__SOURCE MATERIAL__

··········

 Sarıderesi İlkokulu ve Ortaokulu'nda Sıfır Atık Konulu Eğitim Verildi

··········

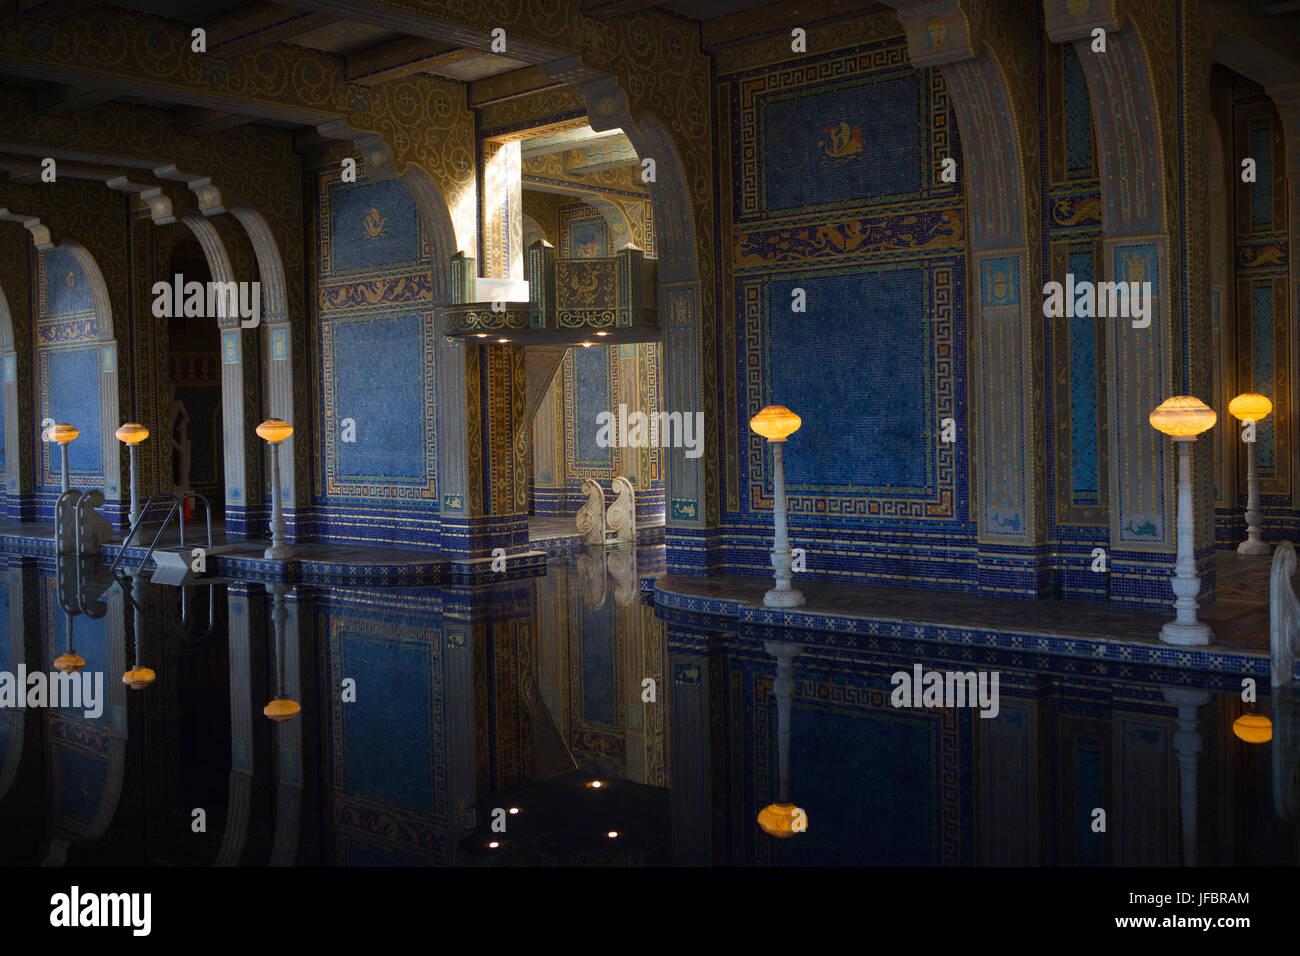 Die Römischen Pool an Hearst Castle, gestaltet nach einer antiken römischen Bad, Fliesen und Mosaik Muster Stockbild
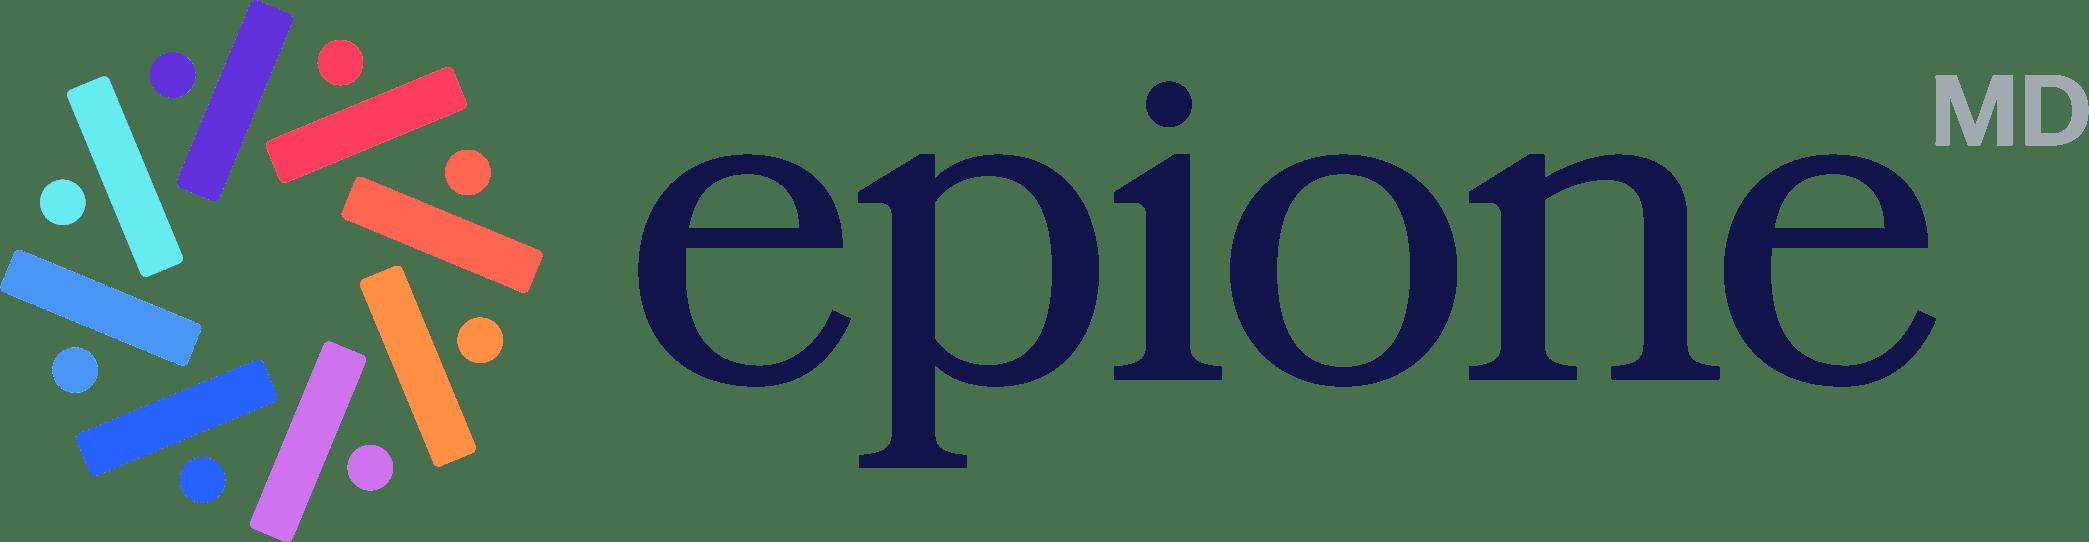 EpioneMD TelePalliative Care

··········

__EXERCISE__
Using the entries above, repeat exactly the lines from the one with "Die Römischen Pool" to the one with "EpioneMD TelePalliative Care", both included, and leave the pictures behind.

__TASK OUTPUT__
 Die Römischen Pool an Hearst Castle, gestaltet nach einer antiken römischen Bad, Fliesen und Mosaik Muster Stockbild
 EpioneMD TelePalliative Care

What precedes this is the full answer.